Jill watched as James moved towards her.  She thought she might have seen him before, but maybe it was just that haircut that was so familiar.  She’d been seeing that one a lot lately.  Their eyes met briefly and shared an accidental wink and a nod about what they had just seen.  And then they continued to not look at each other, as people in the subway so often do, holding the rails and feeling the shuddering sway of the train on the tracks.

Together, they watched as a second bout of illness quickly came, the young girl now standing on her feet and completely at the whim of her fickle stomach.  “Oh, no.  Oh, no.”  Politeness being a dangerous road to tread at this point, most everyone parted ways to create a large circle of space around the kid, like an unwelcome dance floor.

Again, the two caught eyes.  Again, the accidental acknowledgement.

First Avenue arrived and the two made their way for another train.  With everyone from the last car in this new one, the boy and girl were forced to stand more closely to one another.  Jill flashed her iPod James’ direction, angled casually to minimize the glare, hopping that he might see her Belle and Sebastian remixed cover on display.  She peeked up just in time to see his eyes moving away from her screen and down to her black boots.

“Madewell?” he asked, though the question was more the assumption of someone who shopped often and knew the minutia of marked designer characteristics – stitching, leather quality, and other trappings of the post-heterosexual days.

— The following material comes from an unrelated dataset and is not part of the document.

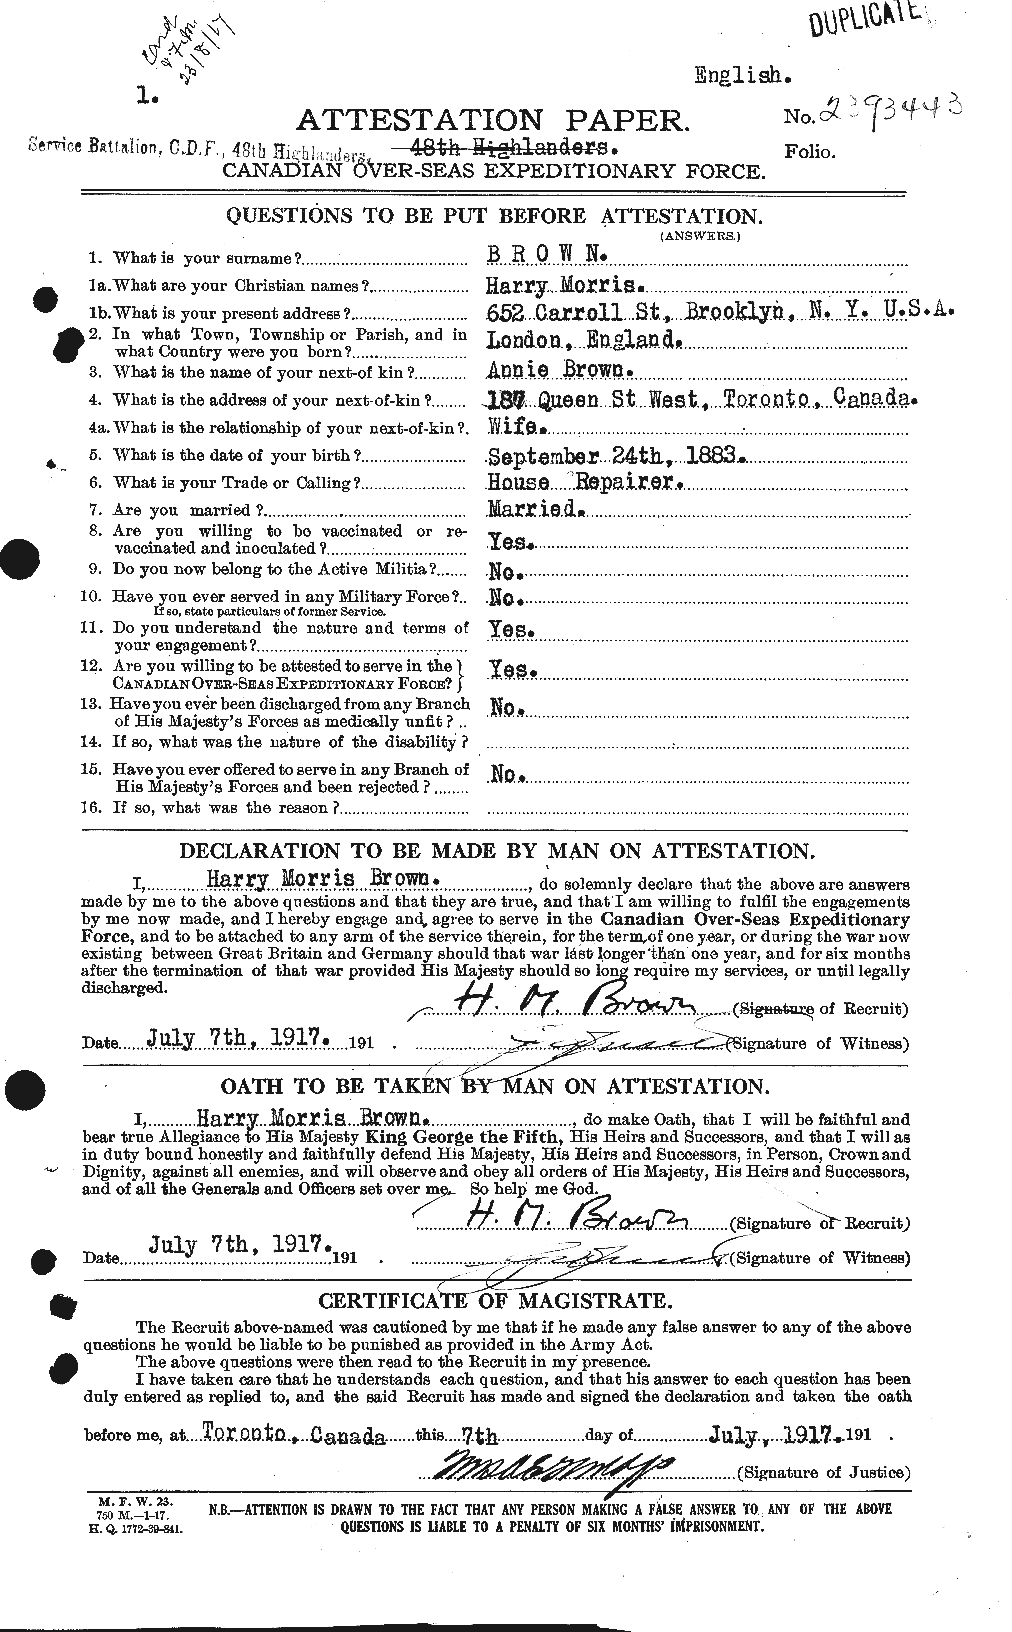 Personnel Records of the First World War - CEF 265462a

“Lanvin,” she countered, immediately following with a self-deprecating apology for having purchased such a grossly expensive item, separating herself from the real artists.  She couldn’t help that her parents came from money, could she?

James nodded his head in a nonjudgmental manner and placed his headphones back on.  She did the same, though she didn’t press play yet.  Instead, she listened to the thumping baseline of her new favorite song play loudly into his ears – the one by that guy who lives in a loft somewhere in Bushwick, you know, the one that sounds like all those other ones with, like, the reverb and stuff.  Her song was on his iPod.

She turned her face away.  He looked over, swearing he caught a wave of blush cross her cheeks.  But then again, it was getting cold outside.

Third Avenue arrived and he departed, off to work a retail gig for a brand that had perfected the art of skinny jeans for boys.  You know, that one.  Jill watched through the dirty glass windows and he disappeared, noting that she hadn’t realized until just now that they were wearing the very same plaid shirt.